— Знаете что? Пуля, ранившая вашего Гарибальди в ногу, должна была бы пронзить его сердце!
[42]
И чтобы его больше не видели в обществе этих господ, он вошел в церковь, где высокий голос аббата Модюи отвечал на жалобные сетования хора.
— Теперь он уже совсем прилип к ним, — негромко сказал доктор, пожав плечами. — Вот где надо было бы как следует прогуляться метлой!
Римские дела приводили его в неистовство. Когда Леон напомнил о словах государственного министра, сказавшего в Сенате, что империя вышла из недр революции, но лишь для того, чтобы сдержать ее,
[43]
мужчины вернулись к разговору о предстоящих выборах. Они еще были единодушны в том, что императору необходимо преподать урок, но их уже начинало охватывать беспокойство, имена кандидатов уже разъединяли их, вызывая у них по ночам кошмары: им мерещился красный призрак. А рядом Гур, одетый с корректностью дипломата, слушал их, полный холодного презрения: он-то сам был просто за власть.
Впрочем, отпевание уже шло к концу; громкий скорбный возглас, донесшийся из глубины церкви, заставил их умолкнуть.
— Requiescat in расе!
[44]
— Amen!
На кладбище Пер-Лашез, когда гроб опускали в могилу, Трюбло, все время державший Октава под руку, увидел, как тот опять обменялся улыбкой с г-жой Жюзер.
— О да, — пробормотал он, — бедная маленькая женщина, такая несчастная… Все, что хотите, только не это!
Октав вздрогнул. Как! И Трюбло тоже! Но тот сделал пренебрежительный жест; нет, не он, один из его приятелей.

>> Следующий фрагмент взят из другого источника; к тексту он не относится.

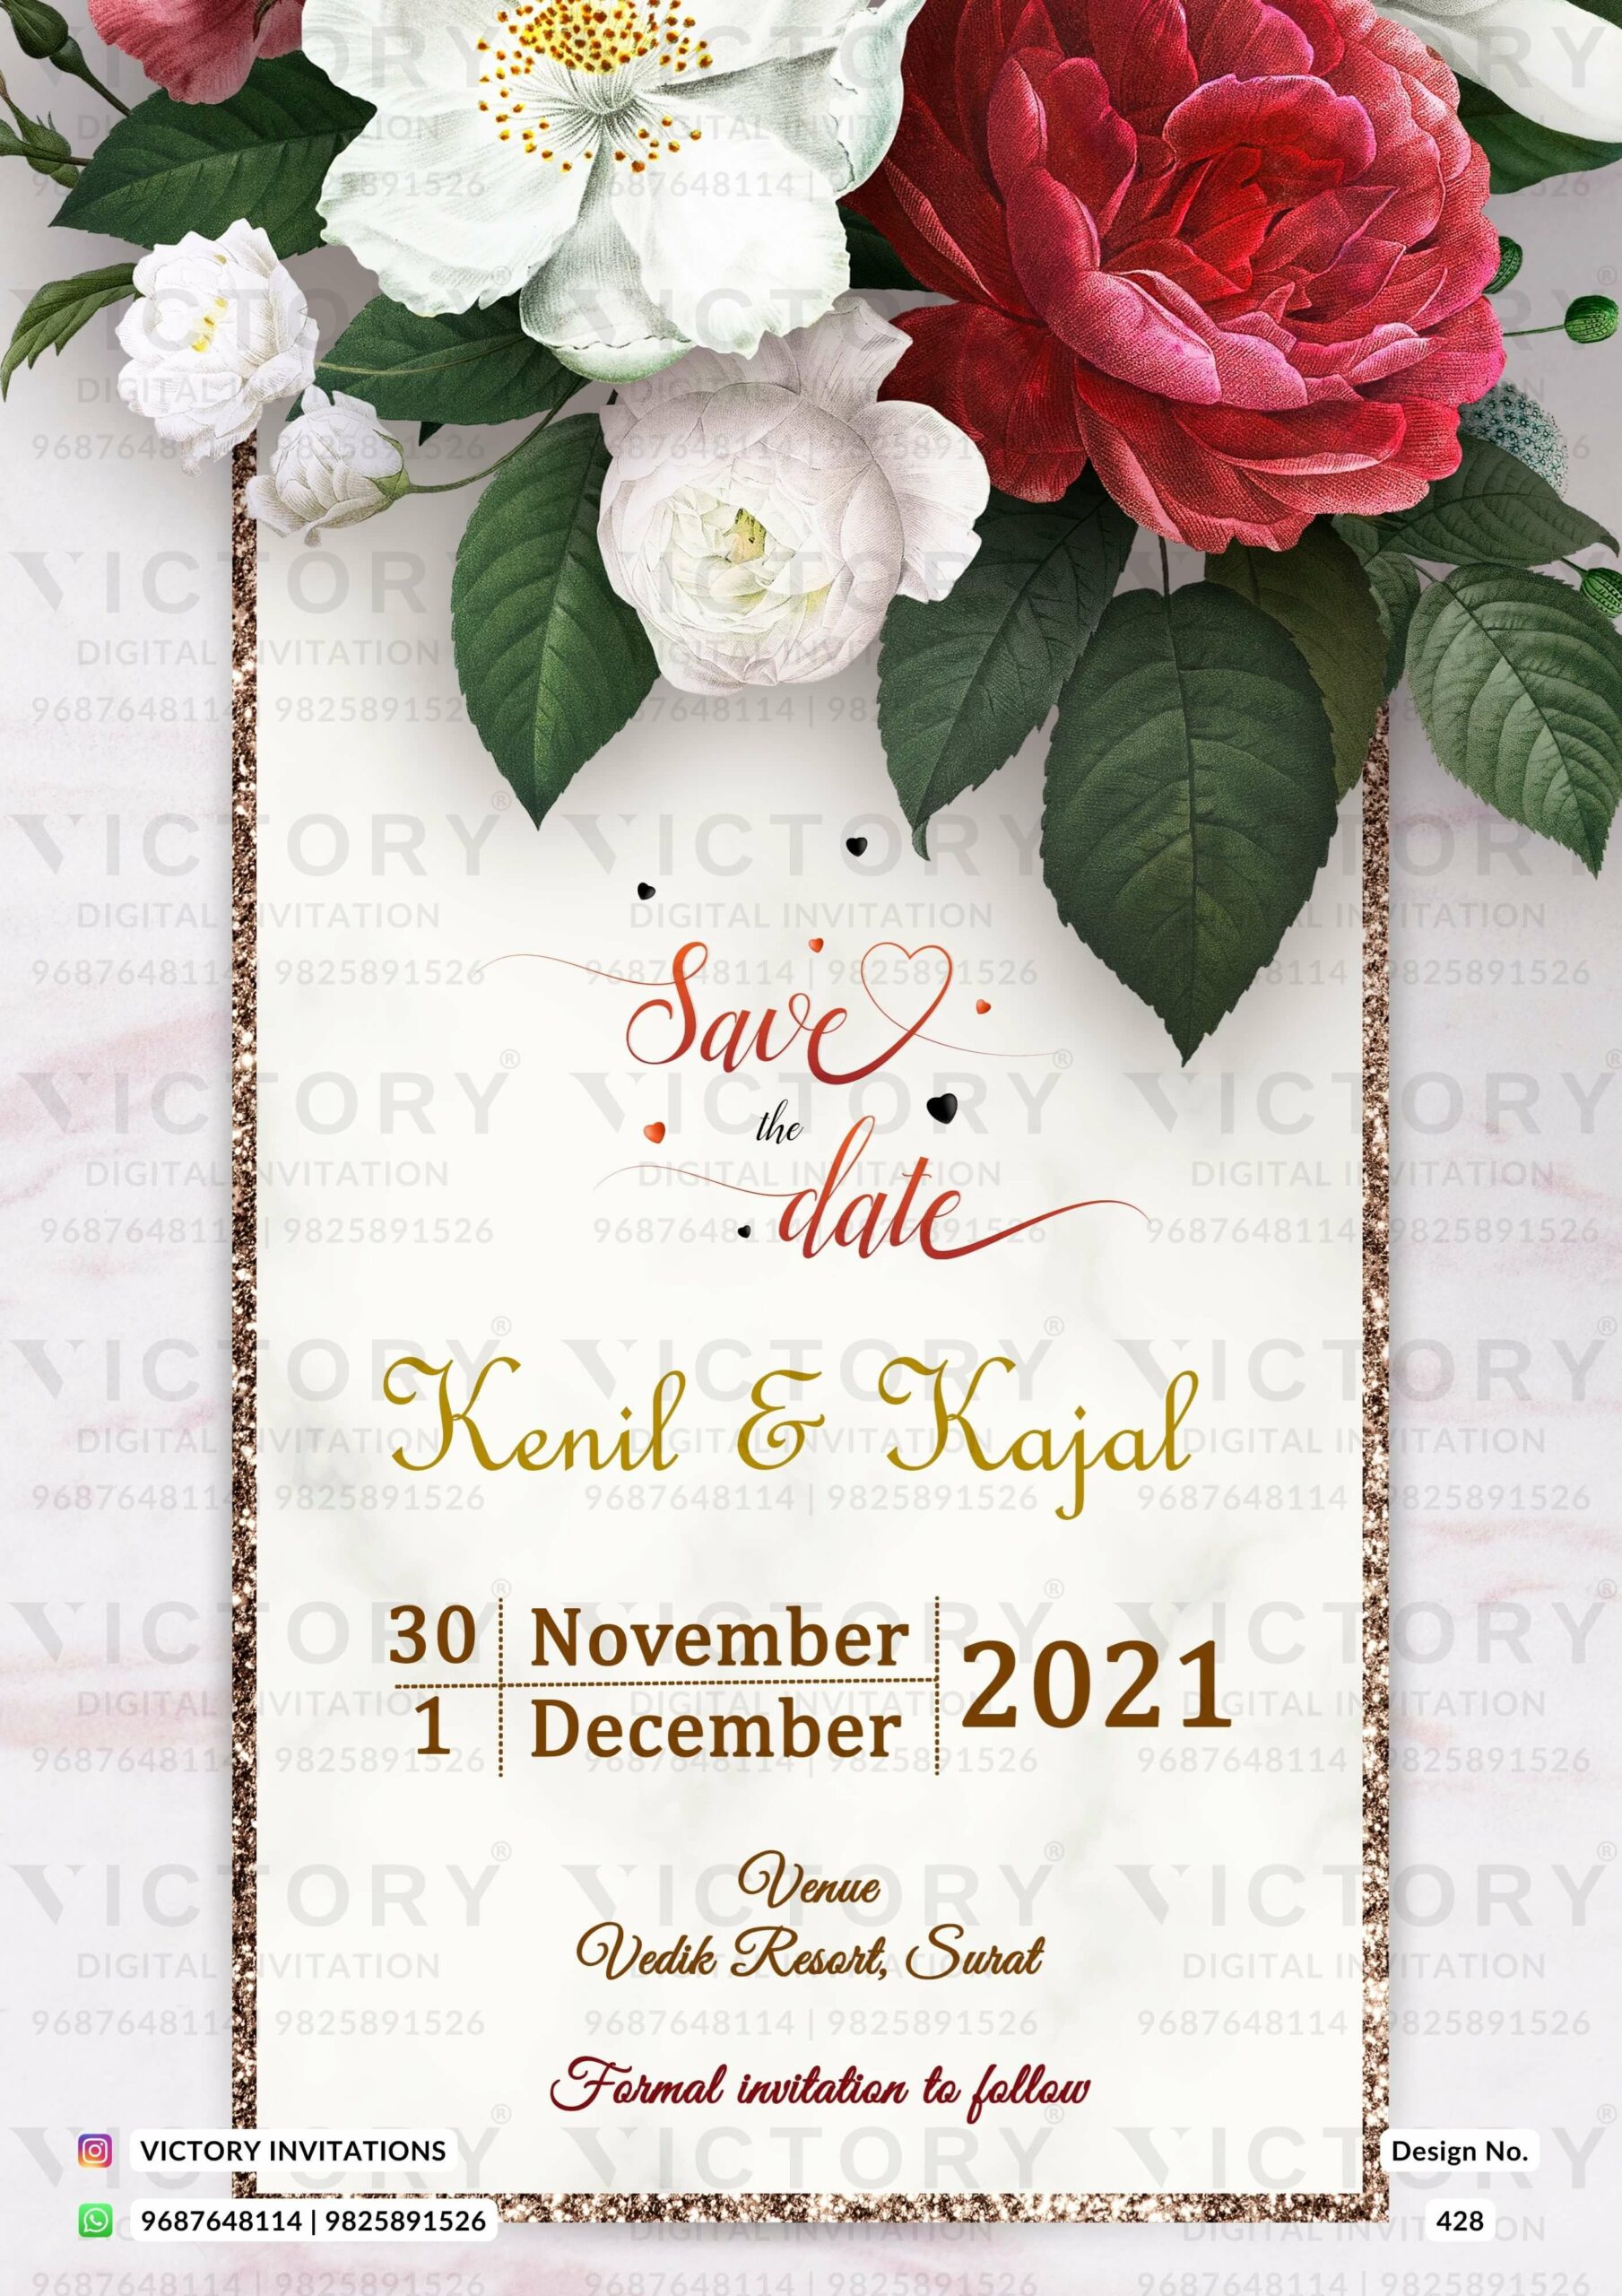 Save the Date digital invitation card design no.428

И вообще все, кого забавляет такое слизывание пенок.
— Извините меня, — добавил он. — Старик уже водворен на место, я могу пойти отчитаться перед Дюверье в одном дельце.
Семейство удалялось, молчаливое и печальное. Трюбло пришлось задержать советника, чтобы сообщить ему о встрече со служанкой Клариссы; но адреса он не узнал, потому что служанка ушла от Клариссы накануне переезда, надавав ей оплеух. Таким образом, улетучилась последняя надежда. Дюверье уткнулся лицом в носовой платок и присоединился к родне.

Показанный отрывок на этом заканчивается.